After meeting at a Nashville songwriting camp shortly before, Steve McEwan and John Reid co-wrote "Only You Can Love Me This Way" in about 15 minutes. In the spring of 2009, Keith Urban released the song as the third single from his Defying Gravity album; it became the 11th of his singles to reach the top of the Billboard Hot Country Songs chart, earned a Top 40 spot on the Hot 100 (No. 34) and has been certified gold. Below, McEwan and Reid tell The Boot about how the quickly written hit came to be.

Steve McEwan: I'd never met John before. We were at a songwriting camp in Nashville ... John is from the U.K., like me. I was the first guy he'd written with that week, and we were sitting in this room together, trying to talk about something we could both connect with. He'd just met this woman that he was just bowled over with, and he was showing me pictures of her.

So we were talking for ages, not doing much writing at all, and I said, "Well, listen ... we should really try and do something." So I played him this little guitar riff that kind of runs through the whole song -- just a few chords, and he loved it. And he just started singing along to it ... He's got this really beautiful voice.

John Reid: When Steve played me that wonderful guitar riff, and when I heard that melody, it just flowed naturally. At no point when I was singing did it feel like [the song] wasn't going where it was supposed to, melodically.

McEwan: We wrote it really quickly. It was kind of unusual, in that it hasn't got a lot of "furniture" in the song. You know how a lot of country songs have a lot of "furniture," a lot of images, in the song? There wasn't much of that. It was just a really simple song, straight from the heart.

We didn't try too hard to write it.
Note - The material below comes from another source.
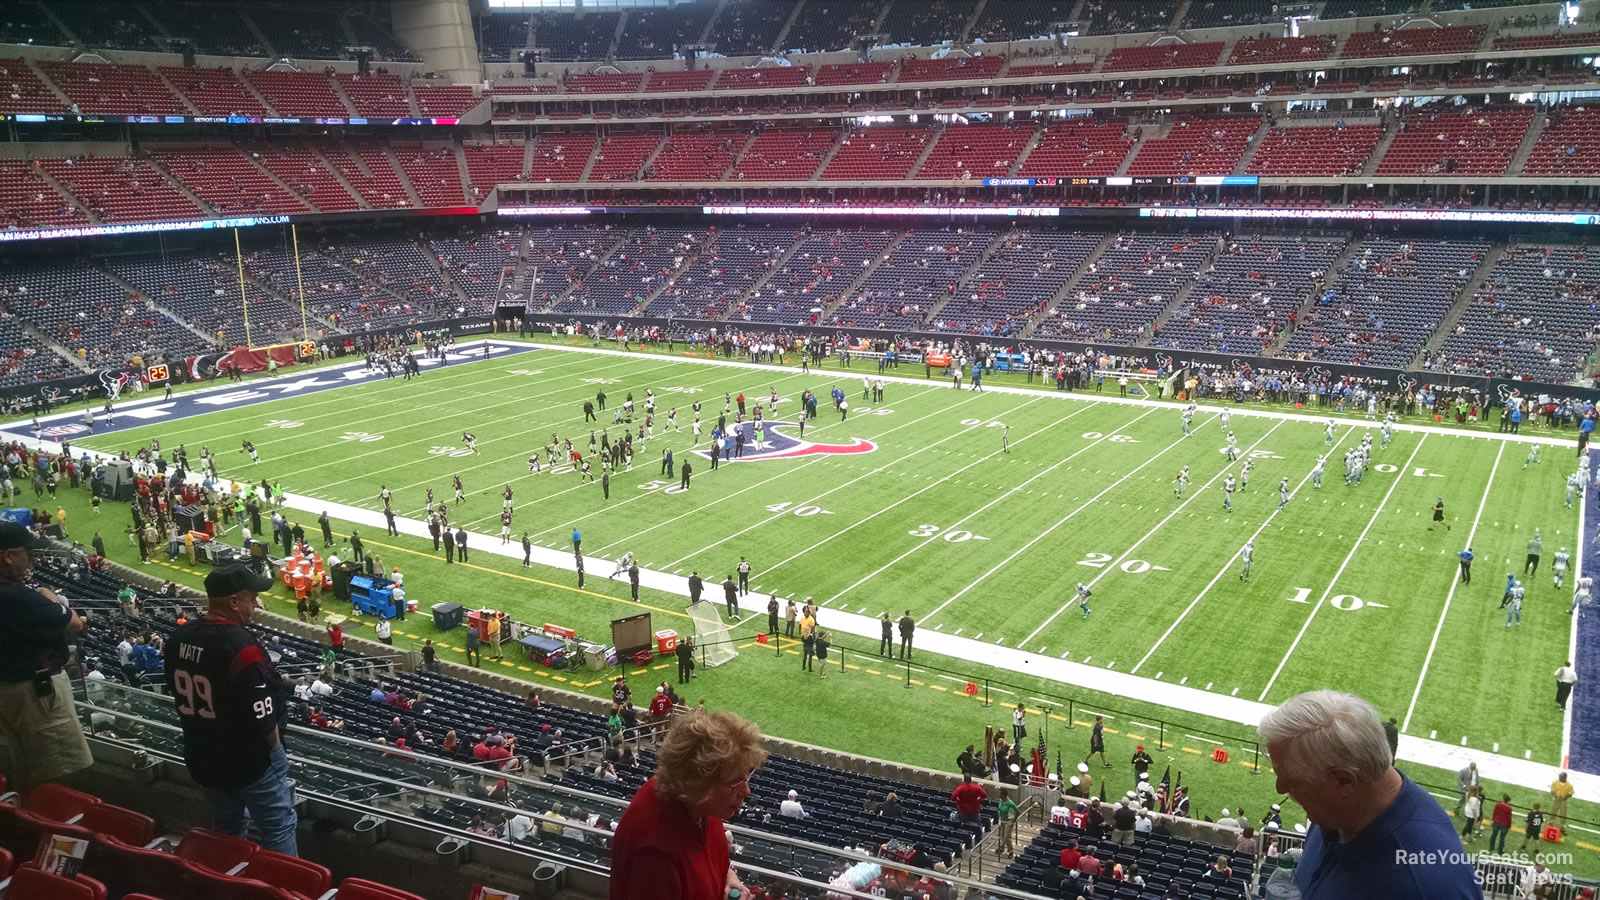 West Houston Vw >> NRG Stadium Section 306 - Houston Texans - RateYourSeats.com

It wasn't like, "Oh, we gotta get this in there, and that in there." We didn't spend a whole lot of time crafting it. It just came out pretty quick, and that's the beauty of it.

Reid: The title came as we got to the end of the chorus ... and again, we didn't have to think about it. It just came naturally. The good ones usually do.

The song never really surprised me at any point. Really, I come back to Steve's guitar riff -- that made it easy for me, both melodically and lyrically.

McEwan: It came together so quickly -- I'd say 15-20 minutes. I remember at the end, we were going through it, and I was like, "Oh, maybe we should work on this lyric here ... especially the second verse." I was thinking, "Oh, we need a bit more here ... " And John was like, "Aww, no ... that's great! Come on, let's go and record it!"

So we went and laid it down, just a guitar and voice. There was never a full demo. And that's what Keith heard. And he cut the song to that little work tape.